Another Olde Lang Syne to say good-bye with a toast to the past and look forward to the future.

There’s Nothing Wrong With Me – A Prompt

Karen Craven, over at Table for 1 really loves to send us (Sorryless and me) some crazy things to work with.  Now she’s been a tad busy with her new job and all and is not posting nearly enough – yes, I am complaining – though she did finally share  a few lately.  Anyhow, she overheard this woman on the train the other day and this was part of the one-sided conversation she heard:

“Yes, I really like my box of macaroni.
Give me all my expired things.
I need you to get a job.”

And issued us a challenge to use this.  So, being just the right amount of crazy, we accepted.  Here’s my submission.  Sorryless’ fantabulously wonderful answer to the prompt is here.  Karen’s wonderfully fantabulous submission is here

 

There’s Nothing Wrong With Me

It was a regular Friday commute as folks boarded the 6:02 train towards home.  People jostled, trying to find seats or at least a pole to hang on to while others, as I, just leaned against the back doors or sides.  Books were taken out as well as iPods and cell phones, earbuds firmly in place.  A wall erected by those wanting to remain in their own world, not interested in their surroundings, not inviting exchanges.  I, on the other hand, love to people watch, see what they are reading, guess at what is going on in their lives, create whole scenarios in my mind based on what they are reading.

The students take out their books and papers to try to catch up on homework, business-folk break out the laptops and furiously crunch numbers because the days of doing work at work are over; you are now expected to work on your own time as well to get ahead.  A sad state of affairs, really.
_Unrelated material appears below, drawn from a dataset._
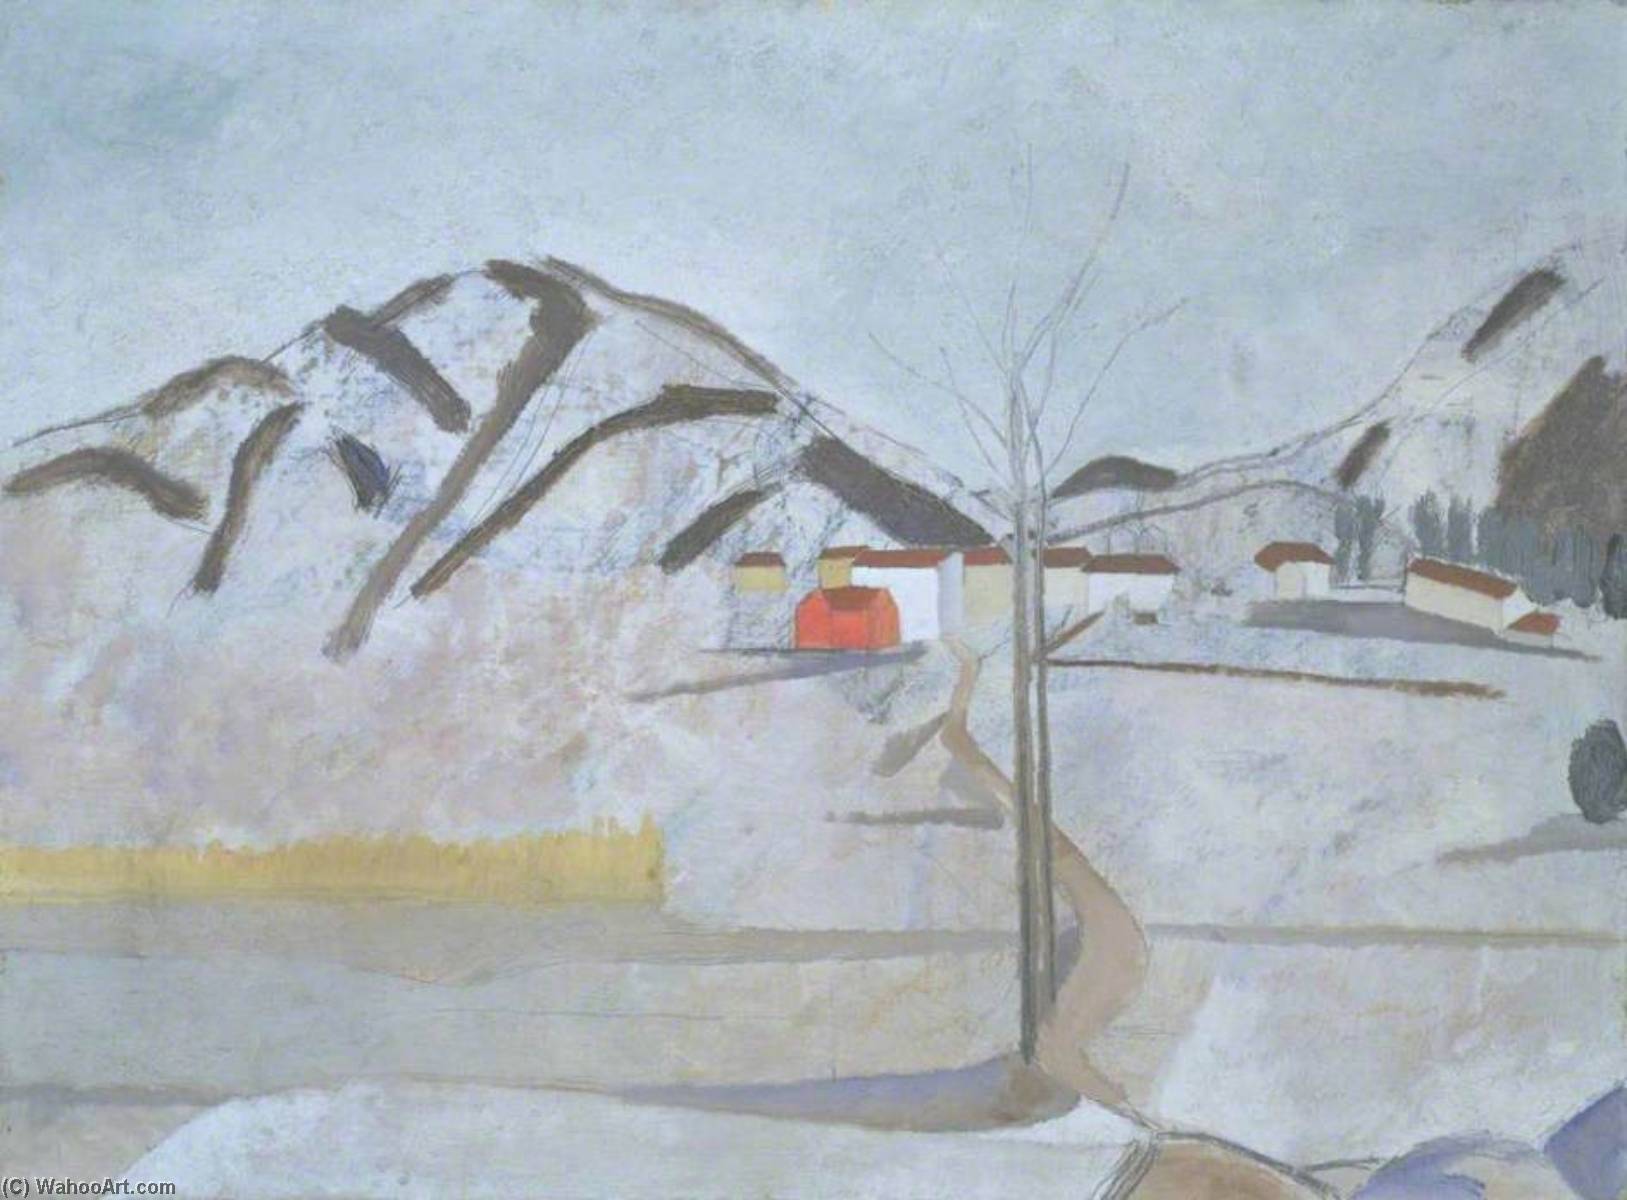 1921 c.1923 (Cortivallo, Lugano), 1923 by Ben Nicholson Ben Nicholson | ArtsDot.com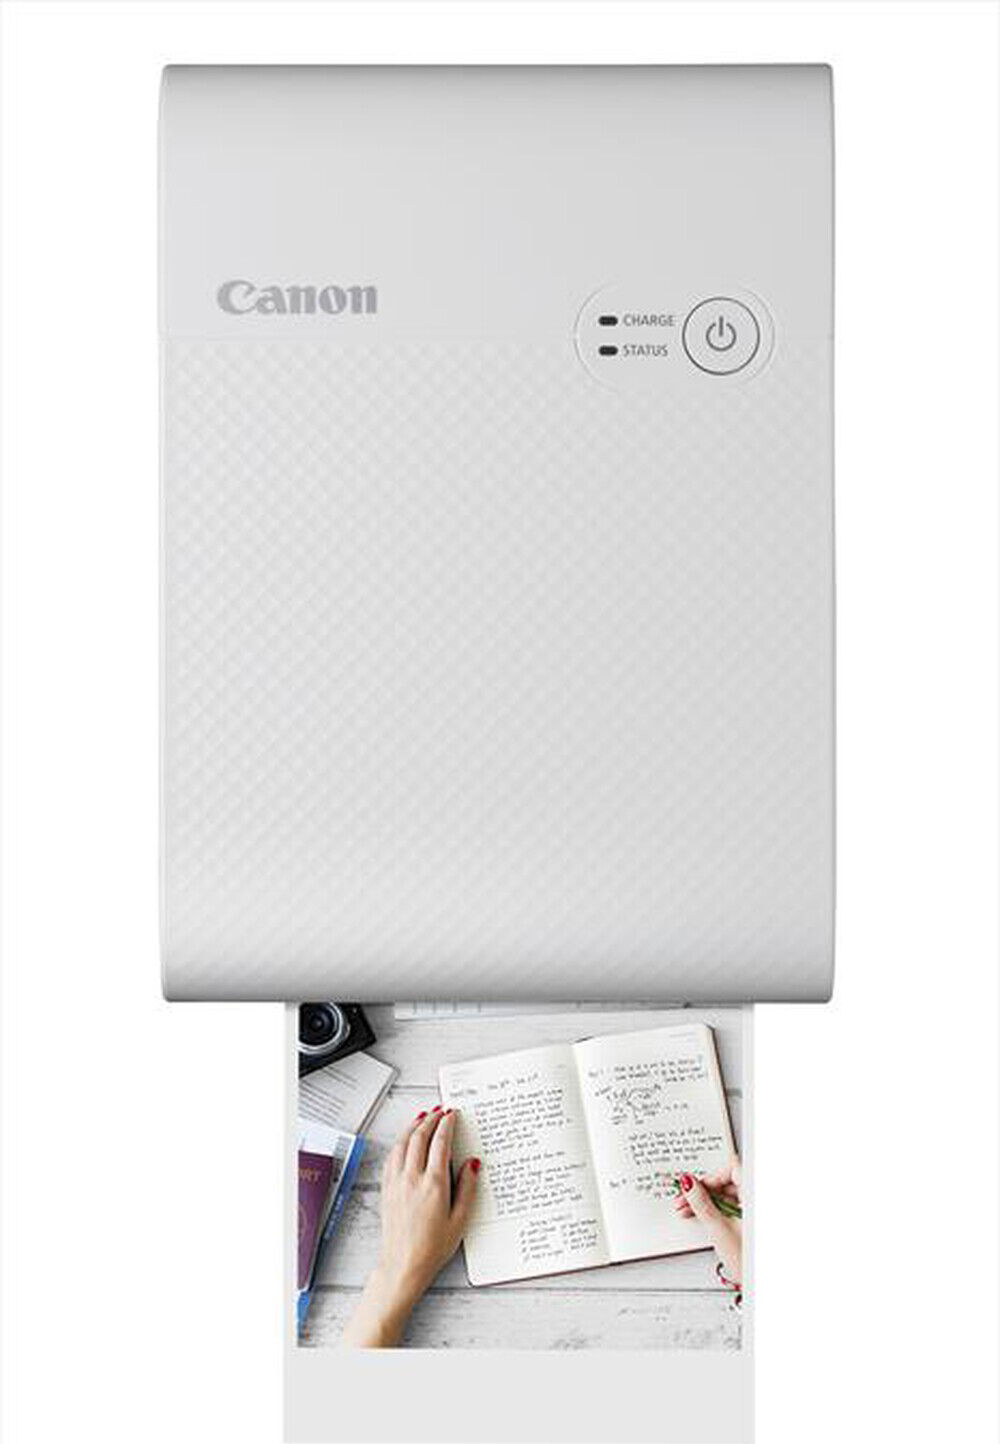 canon qx10 stampante portatile a sublimazione a colori wifi stampe su carta quadrata colore bianco - qx10 selphy square

Everyone absorbed in their own microcosm.

Suddenly, a cellphone rings with an old-fashioned rotary phone ring.  “Dring, Dring!”  I look around to see who it belongs to and find myself eavesdropping, barely subtly, in fact.  The woman is seated in the single seat facing me, is in her late seventies, maybe early eighties.  She’s slight, her clothes hang on her frail body, two sizes too large and look like they’ve been rescued from a garbage bin.  Her stockings have runs in them and her shoes are laced up and seem the only thing she owns that doesn’t date back twenty years.  Her hands are those of a woman who has worked hard; they are overly large for her wrists with knobby knuckles and jagged nails that haven’t ever seen a manicure. Not that she would ever waste money on such a thing.  Between her legs are a trio of bags, filled with who knows what.  Her purse rests on her lap.

She digs into her purse and pulls out an old Blackberry.  “Hallo? …  “Oh hi, Doris. … Yeah, I’m on the train now.  Should be home by seven-ish.”

“What do you mean, you’re at my house? Why are you at my house?  Who let you in?”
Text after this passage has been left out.